Court rules employers can ban staff from any 'visible wearing of any political, philosophical or religious sign'
In a ruling on two separate appeals made by Belgium and France over the headscarf ban, the court said companies could bar staff from "visible wearing of any political, philosophical or religious sign".
In both cases, the appeal courts of Belgium and France had urged the EU court to give a joint judgement on the issue.
The EU court further said the decision to ban such symbols at workplaces was not discriminatory.
“An internal rule of an undertaking which prohibits the visible wearing of any political, philosophical or religious sign does not constitute direct discrimination," it said.
“The prohibition on wearing an Islamic headscarf, which arises from an internal rule of a private undertaking prohibiting the visible wearing of any political, philosophical or religious sign in the workplace, does not constitute direct discrimination based on religion or belief within the meaning of the directive," the court said in its ruling.

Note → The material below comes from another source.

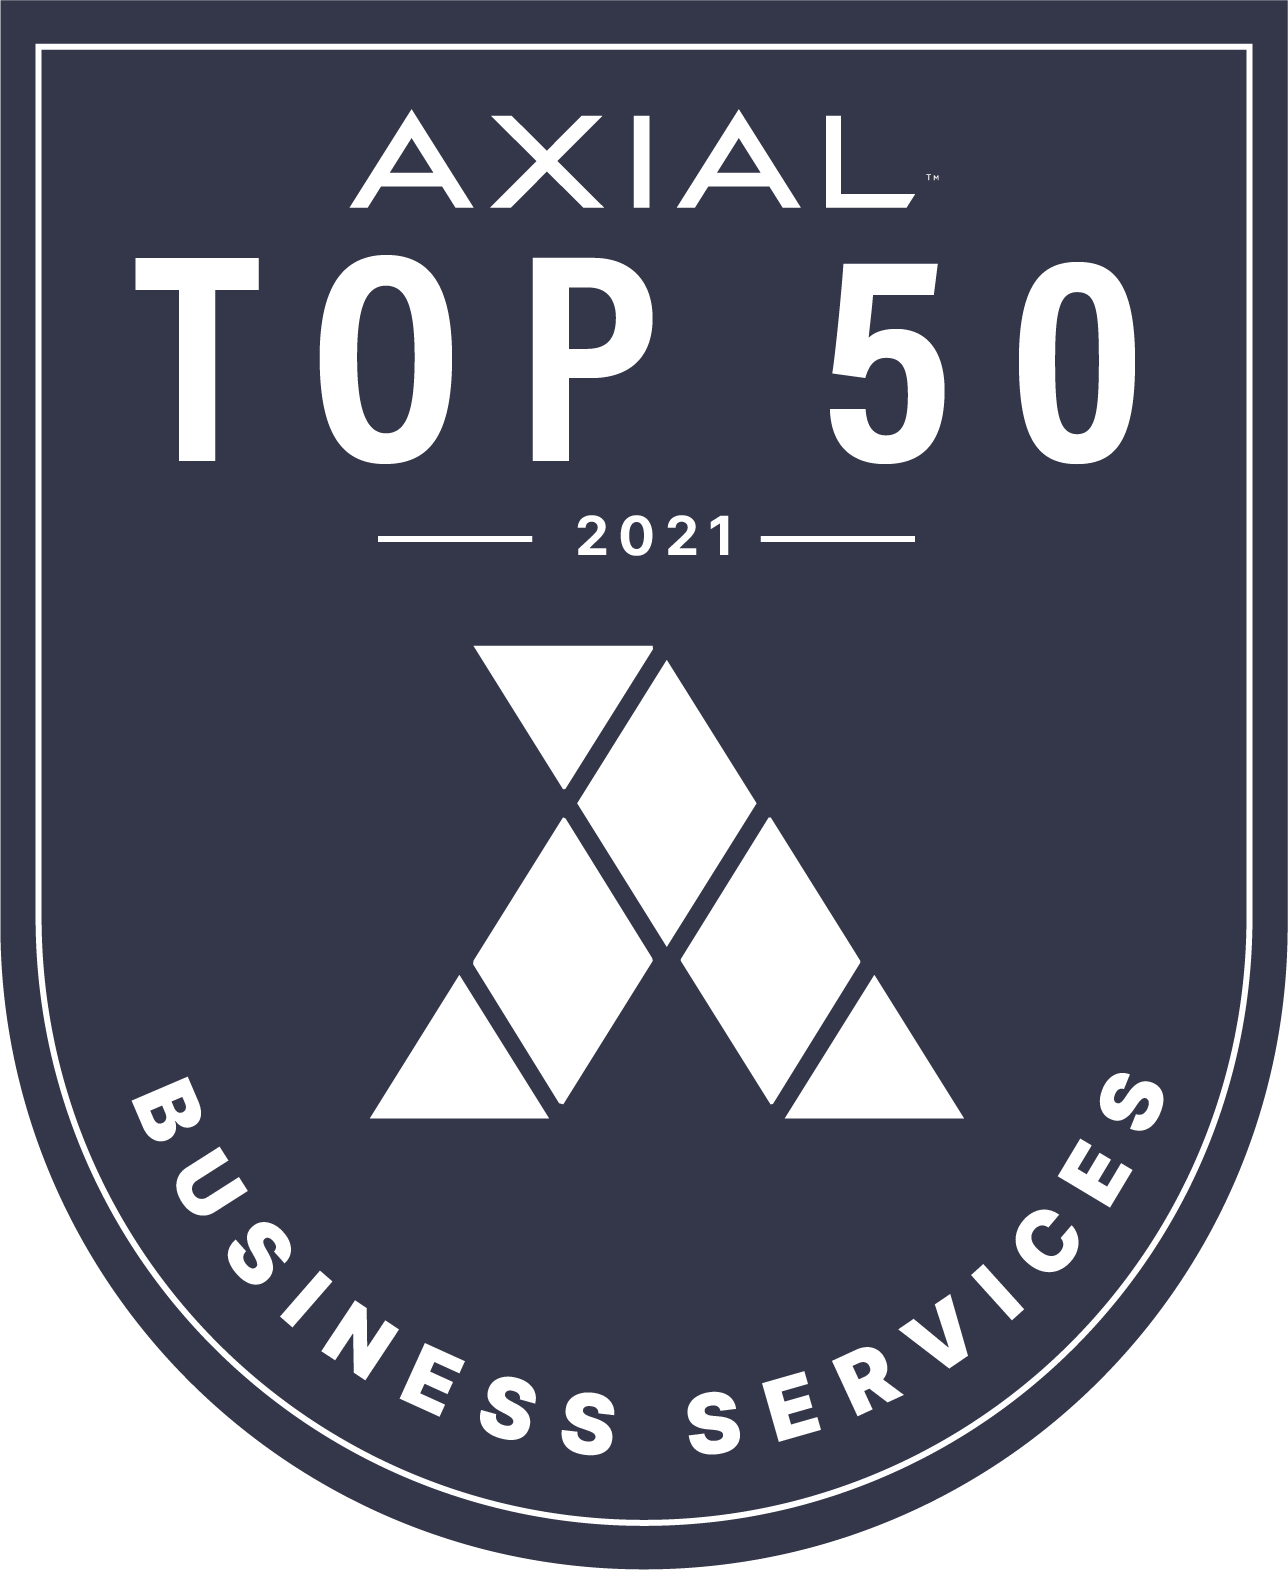 Axial Top 50 Business Services

The ruling was encouraged by two separate cases of Muslim women who were fired for wearing a headscarf at their workplaces based in Belgium and France.
Samira Achbita, a Muslim receptionist at G4S company in Belgium, filed a legal complaint at a Belgian court in 2006 after she was fired from the company for wearing a headscarf at her workplace.

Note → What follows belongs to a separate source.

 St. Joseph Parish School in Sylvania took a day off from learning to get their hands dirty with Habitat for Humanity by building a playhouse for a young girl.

Achbita was fired under an internal amendment to G4S workplace regulations, which provides that “employees are prohibited, in the workplace, from wearing any visible signs of their political, philosophical or religious beliefs and/or from engaging in any observance of such beliefs”.
The Belgian Court of Cessation had urged the Court of Justice of the European Union to interfere in the issue.
In the second case, a French company had dismissed a Muslim woman worker in 2008 for wearing a headscarf.
Asma Bougnaoui, a Micropole employee, had brought the matter to the French Court of Cassation, which then asked the EU justice court “whether the willingness of an employer to take account of the wishes of a customer no longer to have that employer’s services provided by a worker wearing an Islamic headscarf may be considered a ‘genuine and determining occupational requirement’ within the meaning of the directive.”
In its ruling, the European court answered that “the willingness of an employer to take account of the wishes of a customer no longer to have the services of that employer provided by a worker wearing an Islamic headscarf cannot be considered a genuine and determining occupational requirement within the meaning of the directive.”